I’ve been seeing so much about this area lately, especially since it was just featured on The Bachelor. I finally made it to Finland a year ago for the first time but only saw Helsinki, so would love to go back and explore more of the country like Lapland!
Was it on the Bachelor, Tamara? I confess I watch almost no TV so I’m out of the loop on that! 😉 Lapland is spectacular. Definitely head north next time you’re in Finland.
I’m not planning a trip to Lapland right now but these are great tips! It is definitely on my list of places to visit, for sure. Such a gorgeous place for outdoor adventures and nature.
Traveling by train is amazing and the journey length of the one you took is perfect. Really useful to find out more about it.

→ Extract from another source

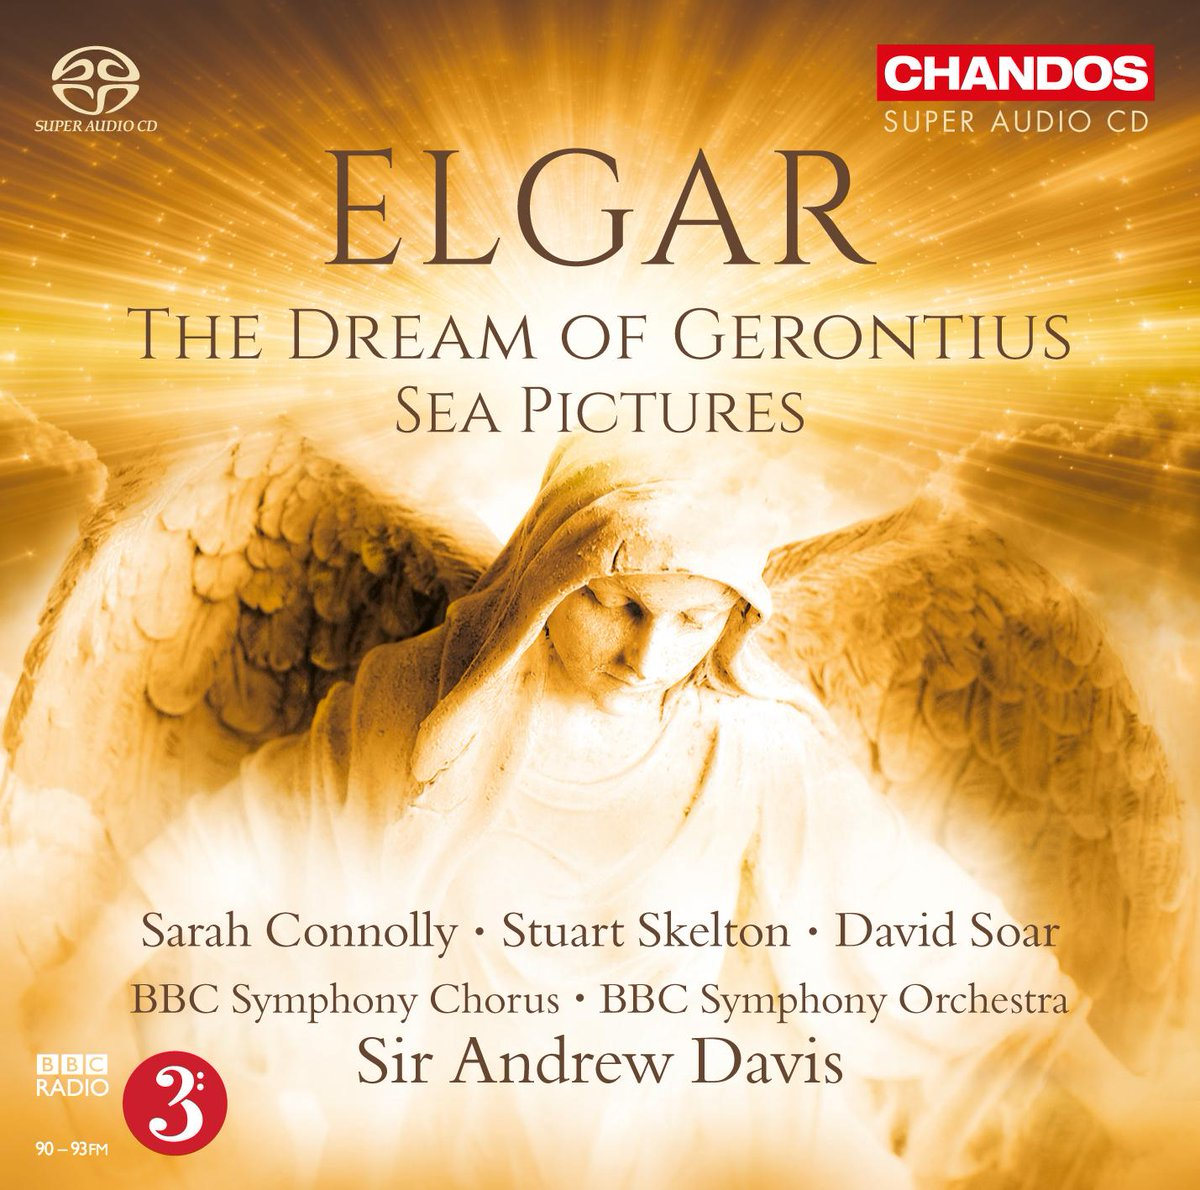 CONGRATS! Choral Winner #GramoAwards @spconnolly @StuartSkelton @dsoar76 @BBCSO - Listen/Order http://t.co/y57oJYEf7y http://t.co/hRjkzhQTGw

The train worked out perfectly, Hugo. It was easy and saved us a good amount of money. I hope you can make it to Finnish Lapland soon. 🙂
Wow you really had a fantastic adventure and it looks amazing from where I’m at, thank god I’m not a cold lover because it would be very hard for me to go to icy places like Lapland – it looks amazing though!

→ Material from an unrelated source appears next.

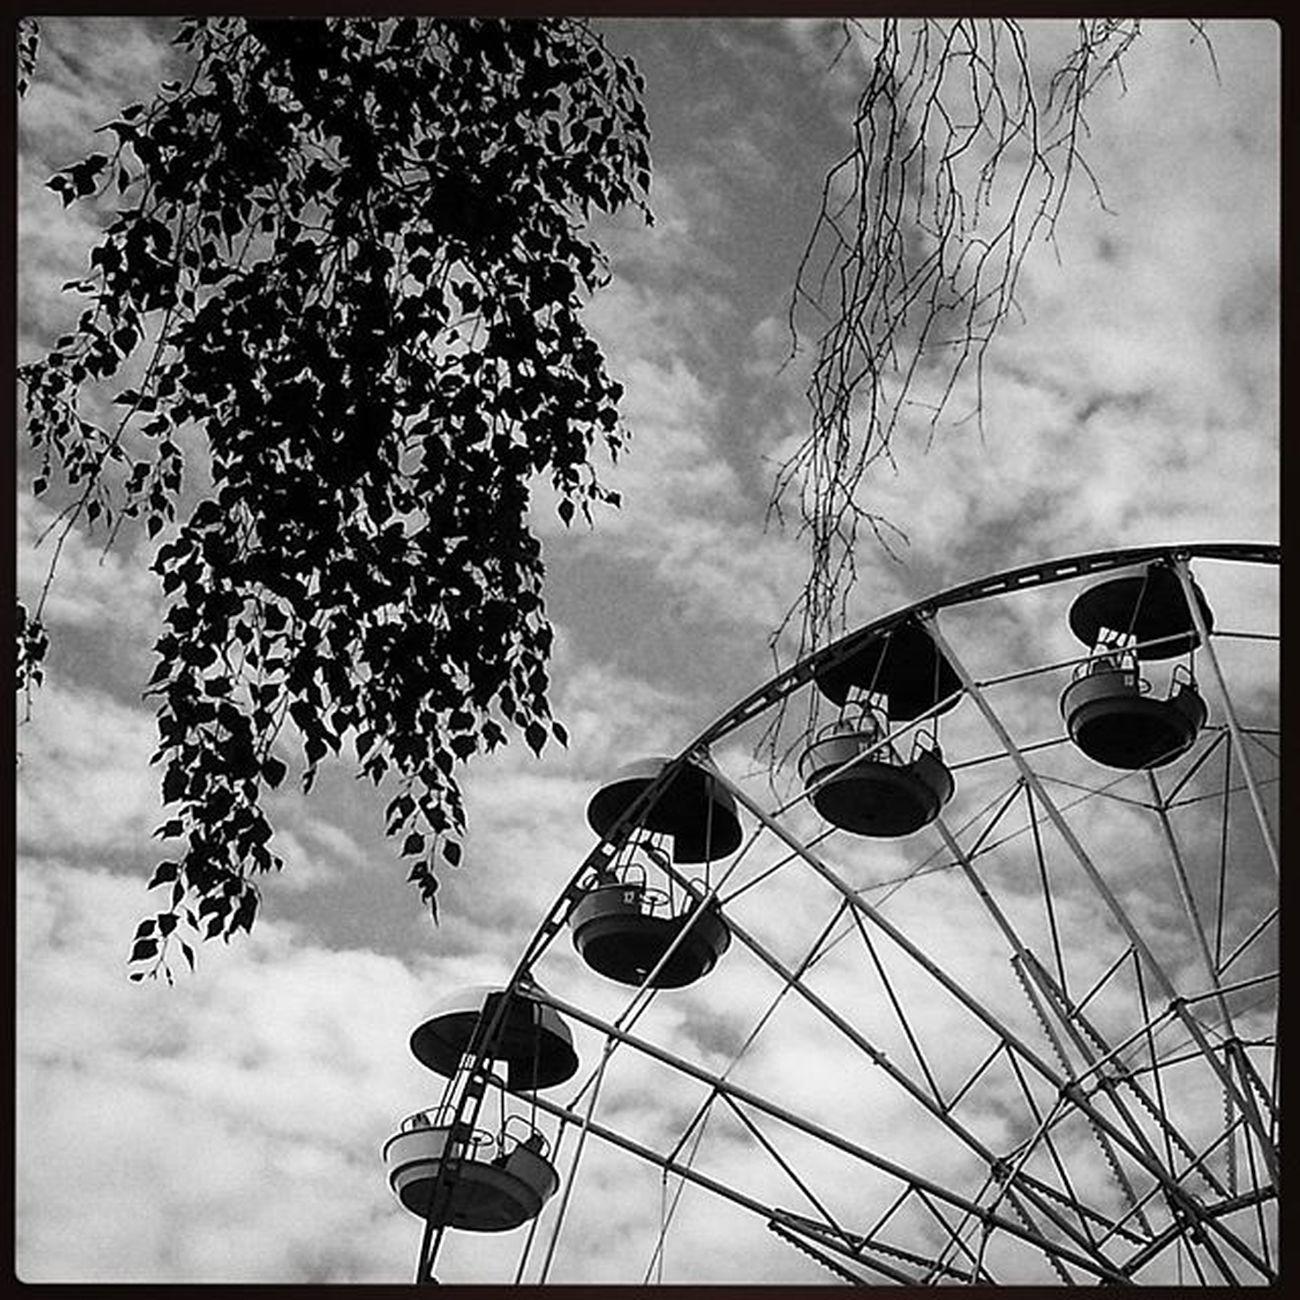 Ig_europe Ig_bw Ig_moscow Parque  Cielo Sky Loves_bnw Estaes_cielos Bw Bnw Blancoynegro Blackandwhite Москва Измайловскийпарк колесообозрения чернобелоефото Чб

Thanks, Noel. I’d highly recommend putting some extra layers on and braving that cold. It’s that spectacular! 😉
What a fun place to visit. My son would be ecstatic to go to Lapland, winter is his favorite season and he would love to try the dog sledding and reindeer sleigh rides and of course Santa’s Village. The Northern Lights Tour would be something I would like to do. Just the chance to take photos of the northern lights would be fantastic.
It is an incredible destination, Rob! I hope you can make it northward with your son!
I’d definitely be using that sleeper train service – I love travelling by train, so much more romantic. Rovaniemi looks like a great place to base yourself for so many experiences.
You are so right, Fiona! Somehow that little compartment makes for a great experience. 🙂
What am amazing trip! The pictures look so beautiful. Thank you for mapping it all out for the rest of us, planning is so time consuming. I bet it was hard to pass on the Ice Breaker ship!
It was hard, Sherianne! You always have this feeling like you’re going to miss out. But, honestly, the trip was amazing without it and we saved the money for something else. 🙂
Although I am not a fan of the cold or snow for that matter this looks pretty awesome. I would love to stay in the ice hotel and see the northern lights.
It’s a bucket list trip for sure, Holly.
Thank you for all these tips. I do keep trying for cheap tickets but haven’t got any till date. Will look up the suggestions you have given. The white blanketed scenes are gorgeous!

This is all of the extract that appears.